LORETTA SWIT, probably best known for her television role as nurse “Hot Lips” Houlihan in MASH, and her husband, actor Dennis Holahan, have put their Bel-Air house on the market.
“They’re selling to get something smaller or more manageable,” said Joe Coons of Merrill Lynch/Rodeo Realty, who shares the $2,495,000 listing with Merrill Lynch’s Beverlywood office.
The Santa Fe-style house has three bedrooms and maids’ quarters. The 2.2-acre property has a lot of privacy, Coons said, with its 300-foot-long driveway and eucalyptus and pine trees. It also has a pool.
The recently remodeled house is about 25 years old, and Swit and Holahan have owned it for two. Coons described the Bel-Air home as “a showplace, like a gentleman’s ranch house with an early-California flair.”
The SULTAN OF BRUNEI has purchased two new houses next to his Beverly Hills Hotel, sources say. No wonder both houses were painted pink, like the hotel.
The houses are really like one home, because there are steps between them, both are Mediterranean in style and they are behind gates. The compound--with a total of eight bedrooms and 18,000 square feet on almost 2 acres--sold for more than $10 million.
A real estate agent who asked for anonymity said the sultan bought the houses, just behind the hotel, “so he can get service from the hotel without taking up hotel rooms.”
When the sultan bought the hotel, he had plans to close it in increments for remodeling, but no rooms have been closed “because the hotel is running at a high occupancy, anyway,” another source said. The sultan bought the hotel in October, 1987, for about $186 million.
James Northcutt is decorating the sultan’s compound, which was a project of Columbia Residential Development.
The race is on at Hollywood Park for WALDO FERNANDEZ, who has designed homes for Merv Griffin and other celebrities as well as the ballroom of Griffin’s Beverly Hilton, to complete new interiors for the Turf Club and Directors Wing by Wednesday, opening day of thoroughbred racing.
Marge Everett, chairman and chief executive officer of Hollywood Park, chose Fernandez to redo the rooms. The decor of the 1938 landmark hadn’t been touched since the early 1950s.
The 30,000-square-foot Turf Club is being transformed into an English hunting club setting, with dark wood paneling, red booths and brown carpet with polished brass trim. The 15,000-square-foot Directors Wing, above the Turf Club, is being redecorated in blue and white with a powder-blue patterned carpet and light blue, white and gray wall coverings.

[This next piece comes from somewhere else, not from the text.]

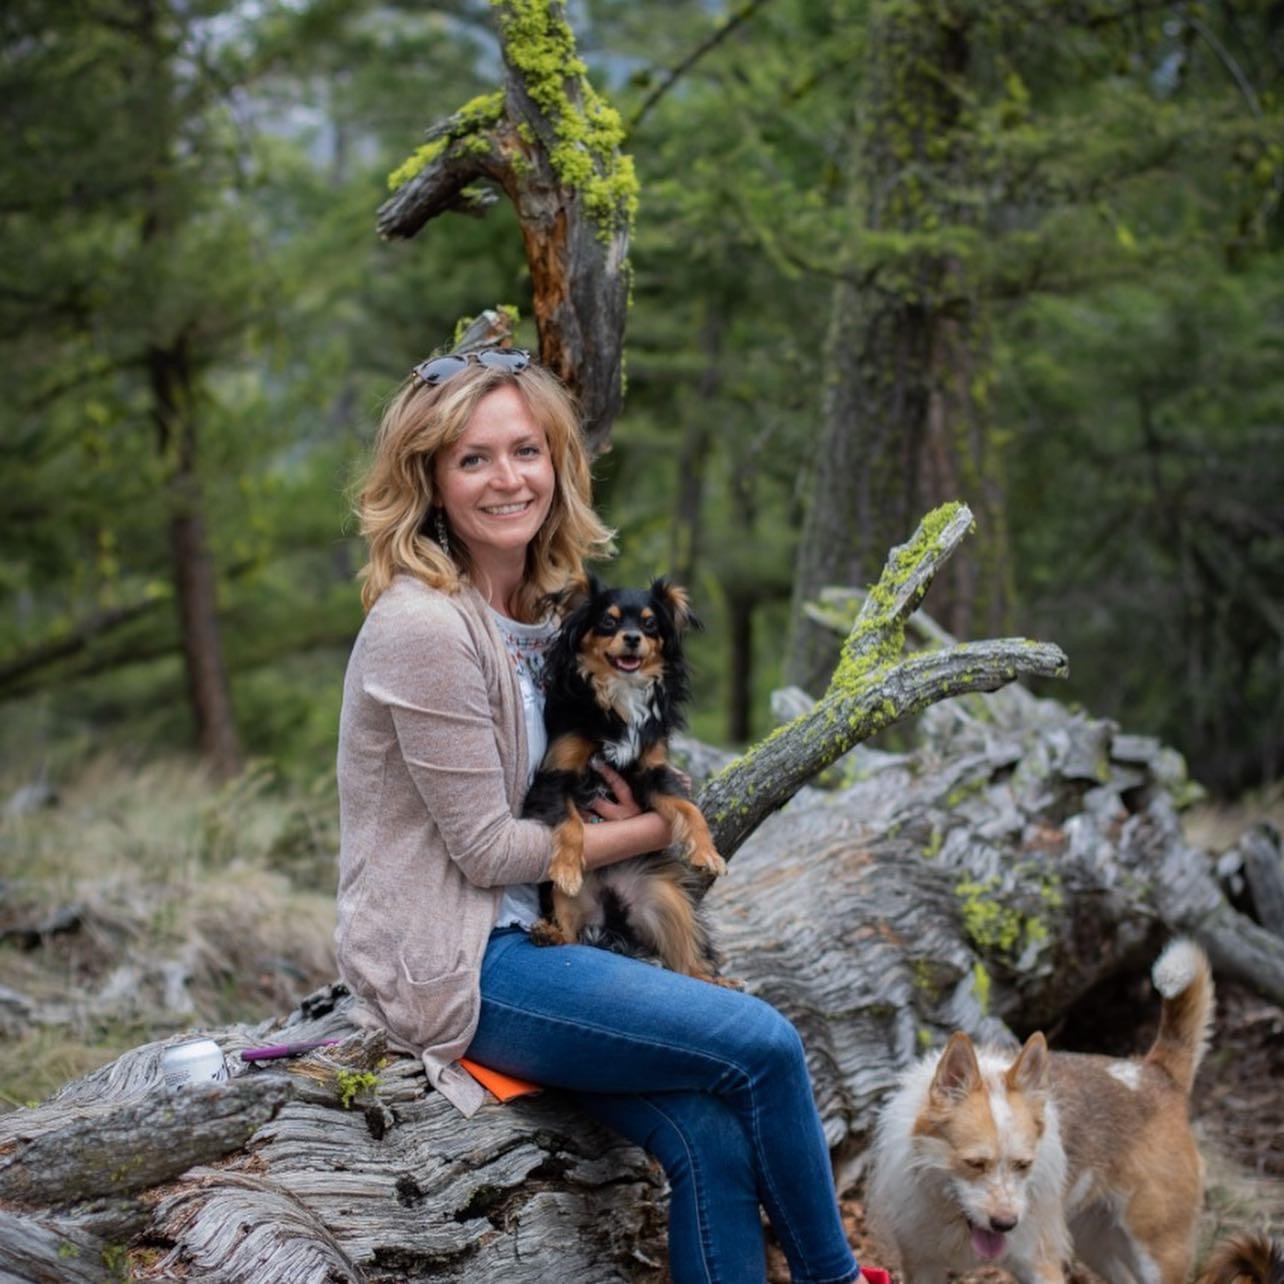 Heather Schwartz, Program Manager sitting on a log in the forest with her dogs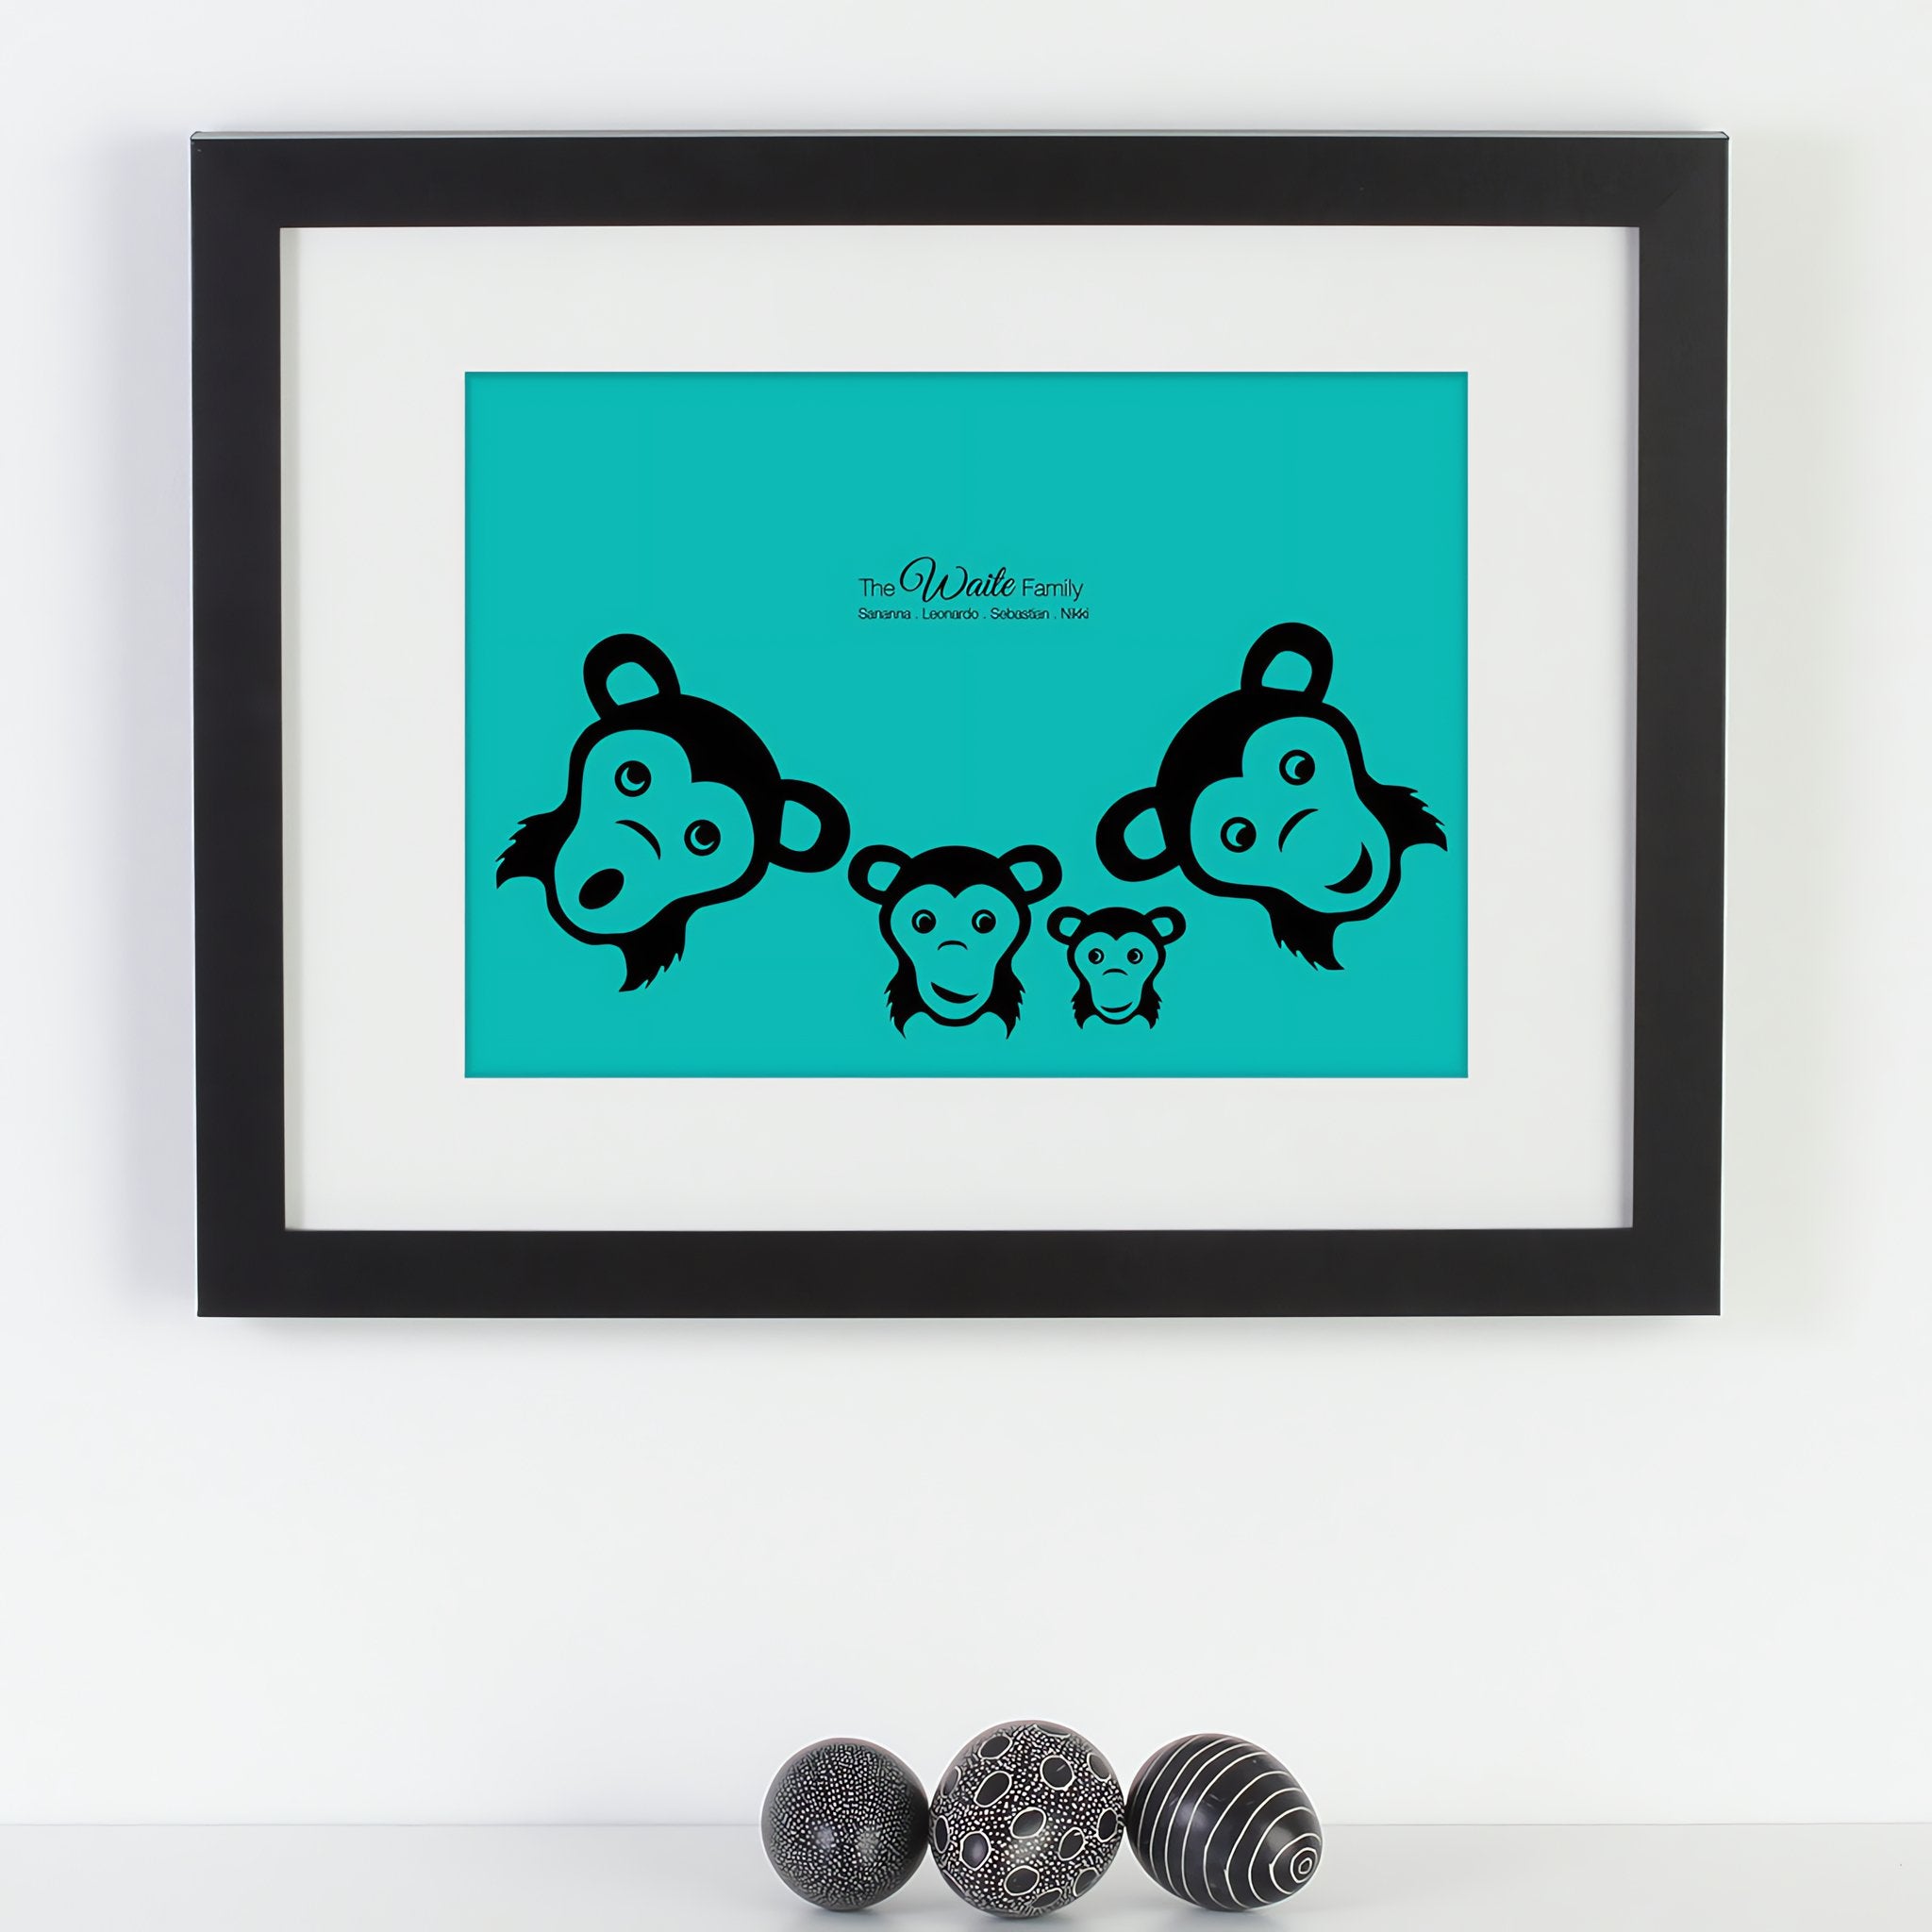 Personalized framed print of a family of monkies with names next to ornamental eggs.

Among the regulars at the Turf Club, are Marvin Davis, Richard Pryor, Carole and Burt Bacharach, Walter Matthau, Jackie Collins, Tim Conway, John Forsythe, Jill St. John, Jack Klugman--and Merv.
Good news for preservationists, and timely--since the California Preservation Foundation is winding up its conference today at the Biltmore Hotel:
Sale of a 60-year-old, 5-acre villa in Silver Lake to a developer who might have razed it, has fallen through, and the property, designated a city landmark last October as a means of saving it for another six months, is for sale again.
Christie McAvoy, preservation officer for the Los Angeles Conservancy, said, “We’re real interested that it’s back on the market, and we’ll be looking to see if we can interest some people in preserving the buildings.”
The villa, at 1923 Micheltorena St., was built by silent-movie star Antonio Moreno. It is owned by the Franciscan Missionary Sisters of the Immaculate Conception, who operated a home there for wayward and homeless girls from the 1950s until the October, 1987 earthquake left cracks in the main building.
CITY COUNCILMAN MICHAEL WOO has said that the estate “probably has more potential for a sensitive, adaptive reuse than any property within a 5-mile radius of downtown.” It also has been termed ideal for an AIDS hospice.
Margaret Verguzco at Valley View Realty Inc. in San Fernando has the listing at $6.5 million but said, “There is an urgent need to sell, and the sisters are open to offers because they need to build a preschool in Sylmar for the poor living in the northeastern part of the San Fernando Valley.”